REQUIRED WORK:
Leave the images aside and copy out the whole listing, exact to the word.

PROVIDED MATERIAL:
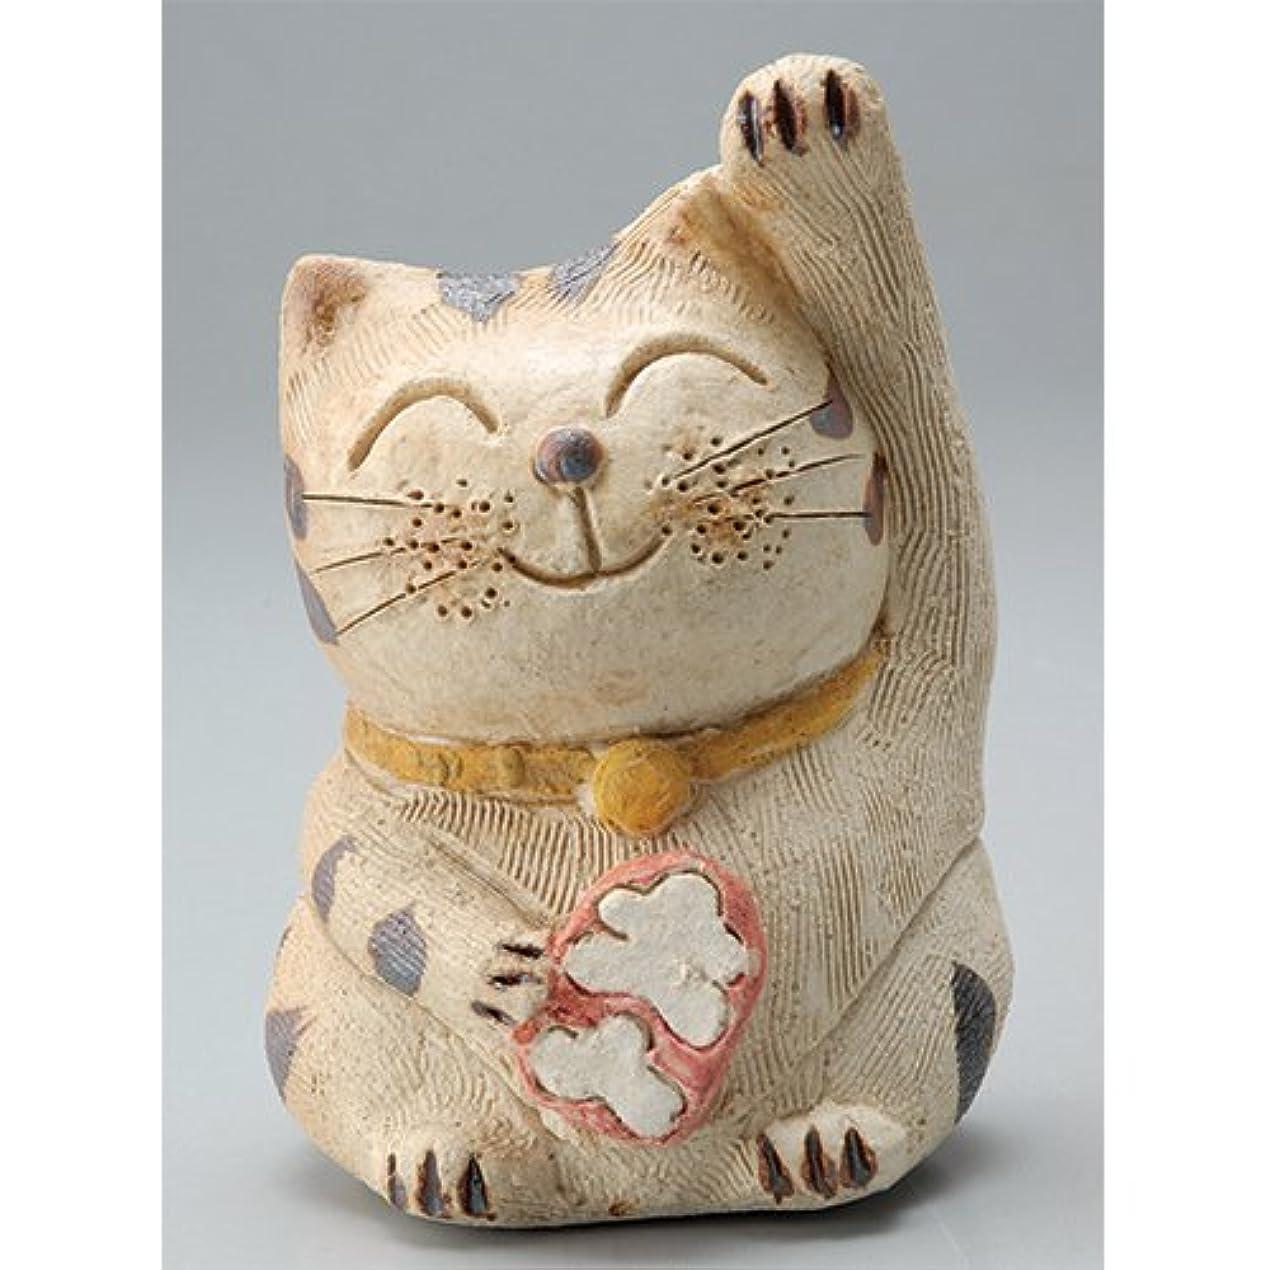 マインドフル主張バリー香炉 微笑み招き猫(人招き)香炉(中) [H14cm] HANDMADE プレゼント ギフト 和食器 かわいい インテリア
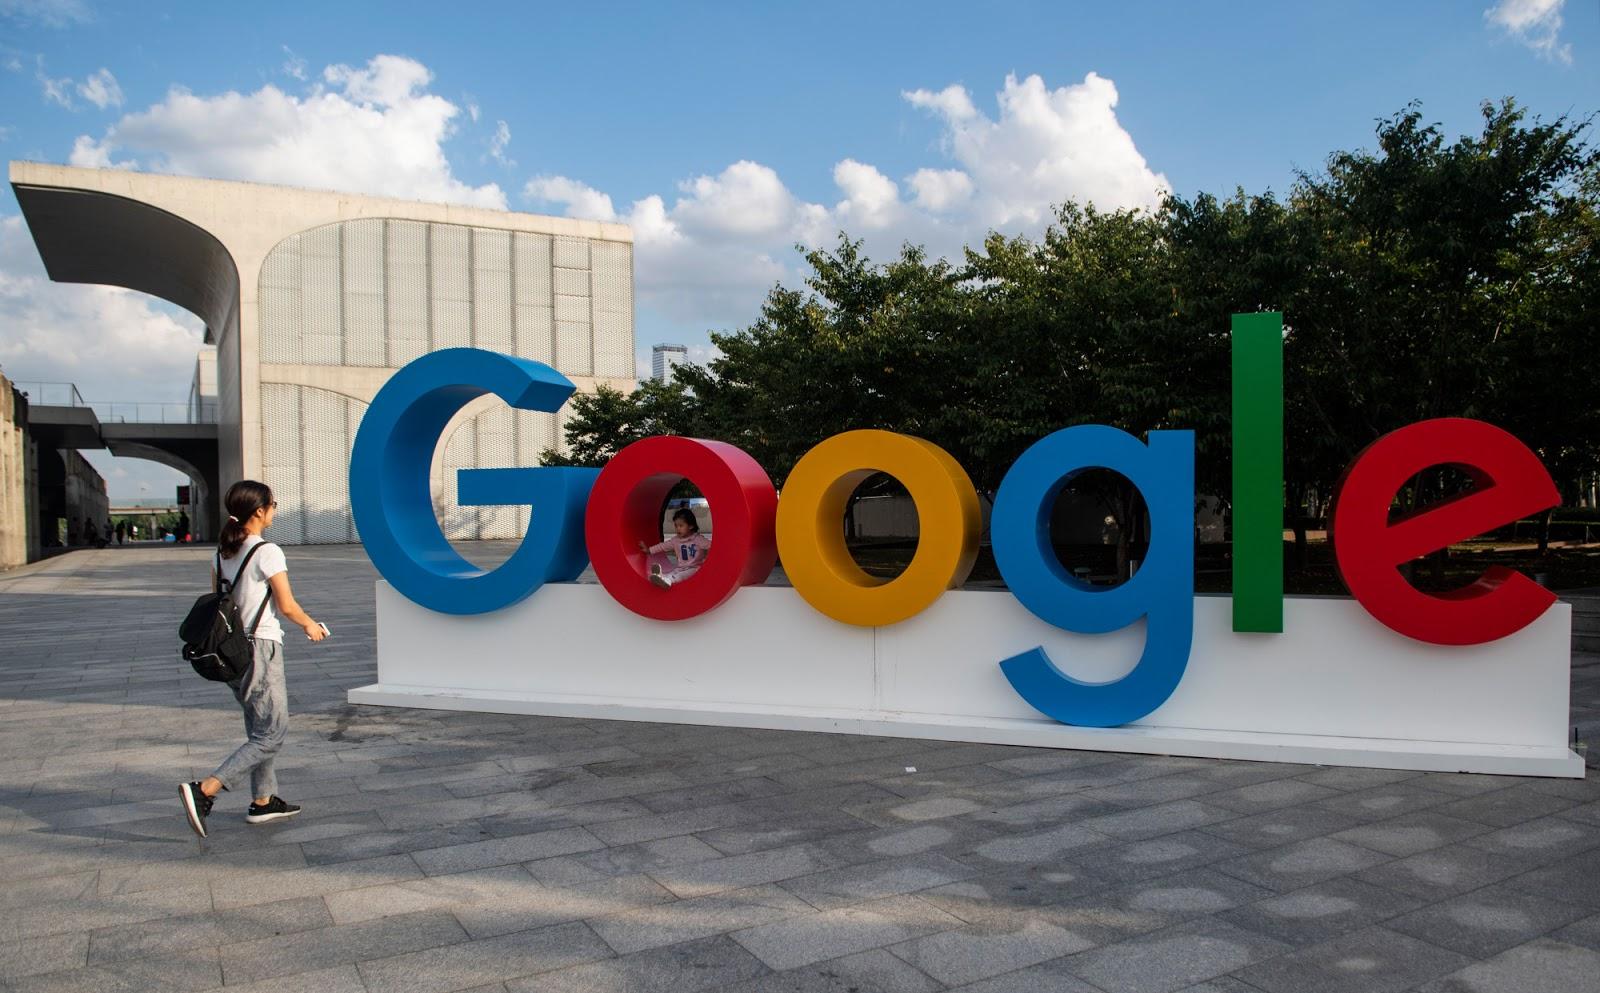 Google Alphabet Q1 revenue announced, up 13 percent
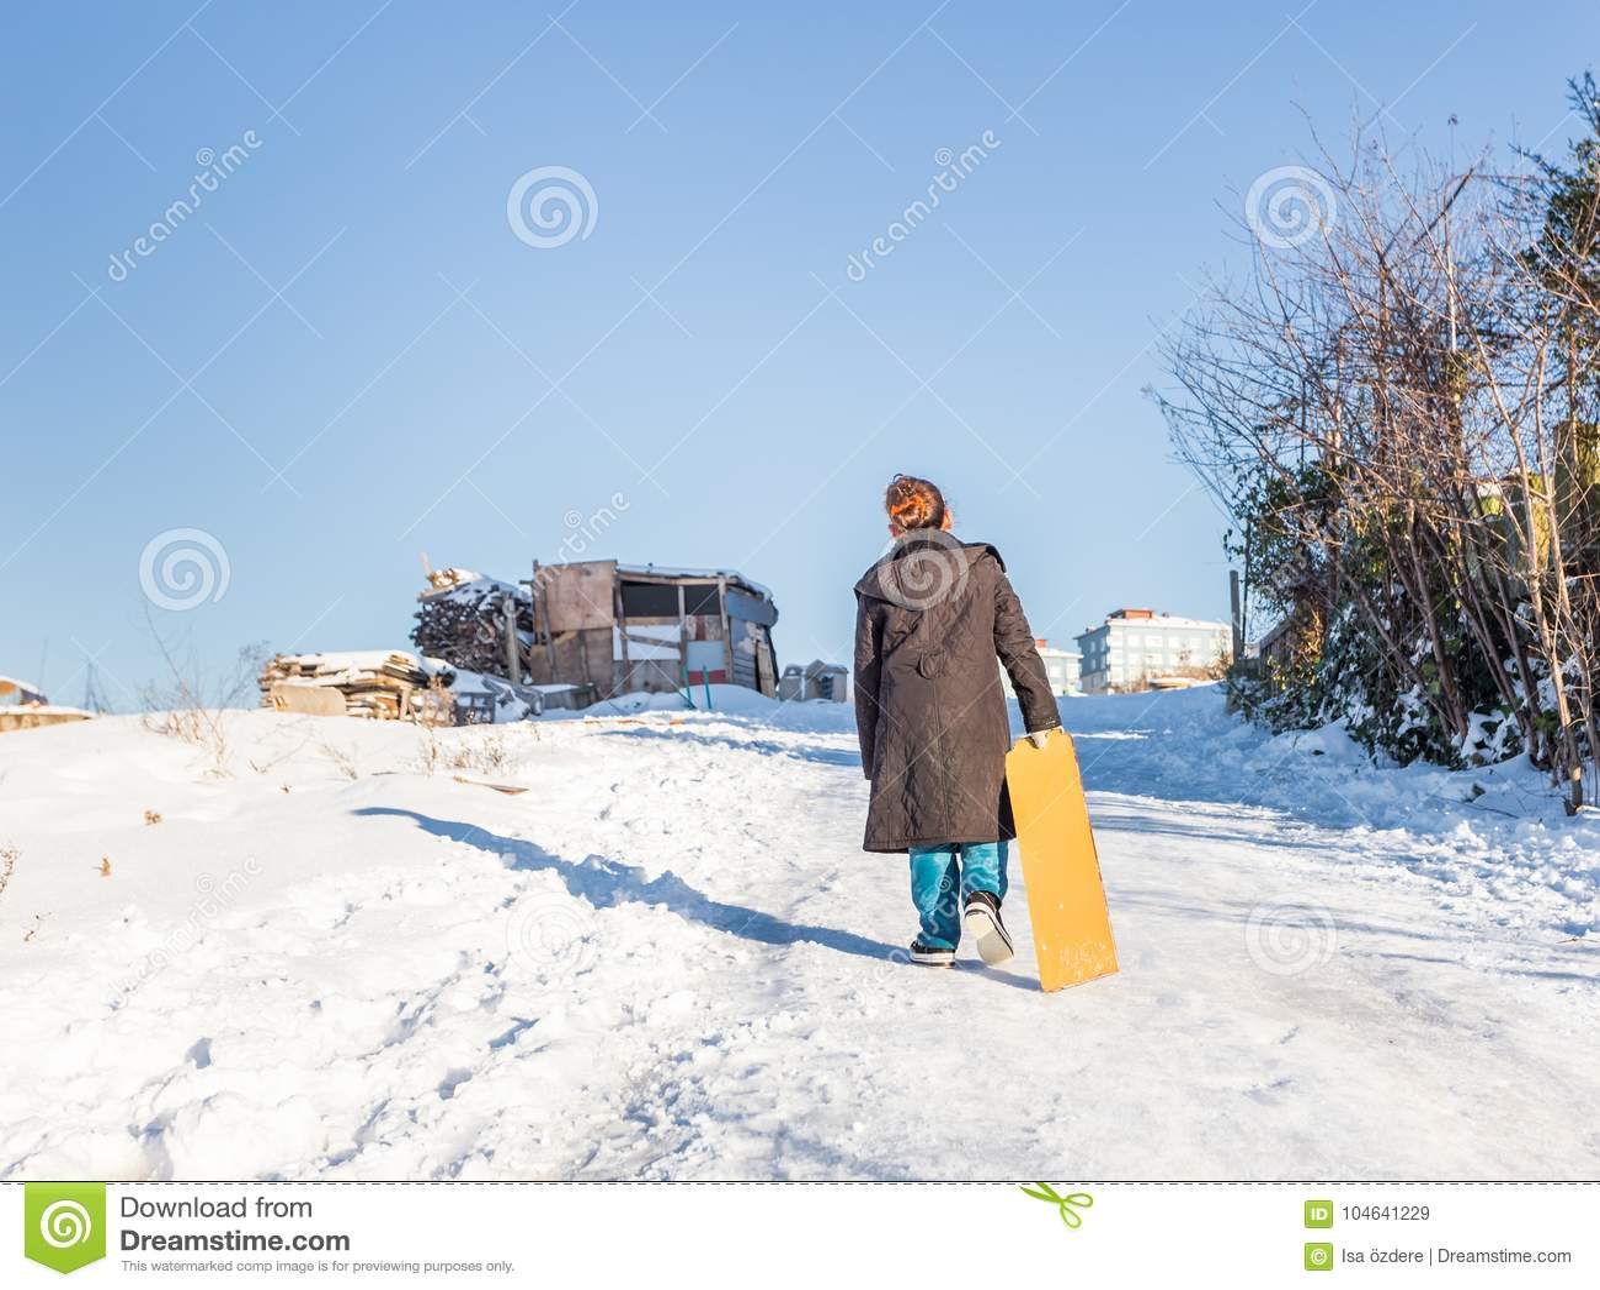 Download De Kinderen Glijden Op Sneeuw In Oude Schoolstijl Met Hardhout Redactionele Stock Afbeelding - Afbeelding bestaande uit koude, seizoen: 104641229

SOLUTION FOR THIS TASK:
 マインドフル主張バリー香炉 微笑み招き猫(人招き)香炉(中) [H14cm] HANDMADE プレゼント ギフト 和食器 かわいい インテリア
 Google Alphabet Q1 revenue announced, up 13 percent
 Download De Kinderen Glijden Op Sneeuw In Oude Schoolstijl Met Hardhout Redactionele Stock Afbeelding - Afbeelding bestaande uit koude, seizoen: 104641229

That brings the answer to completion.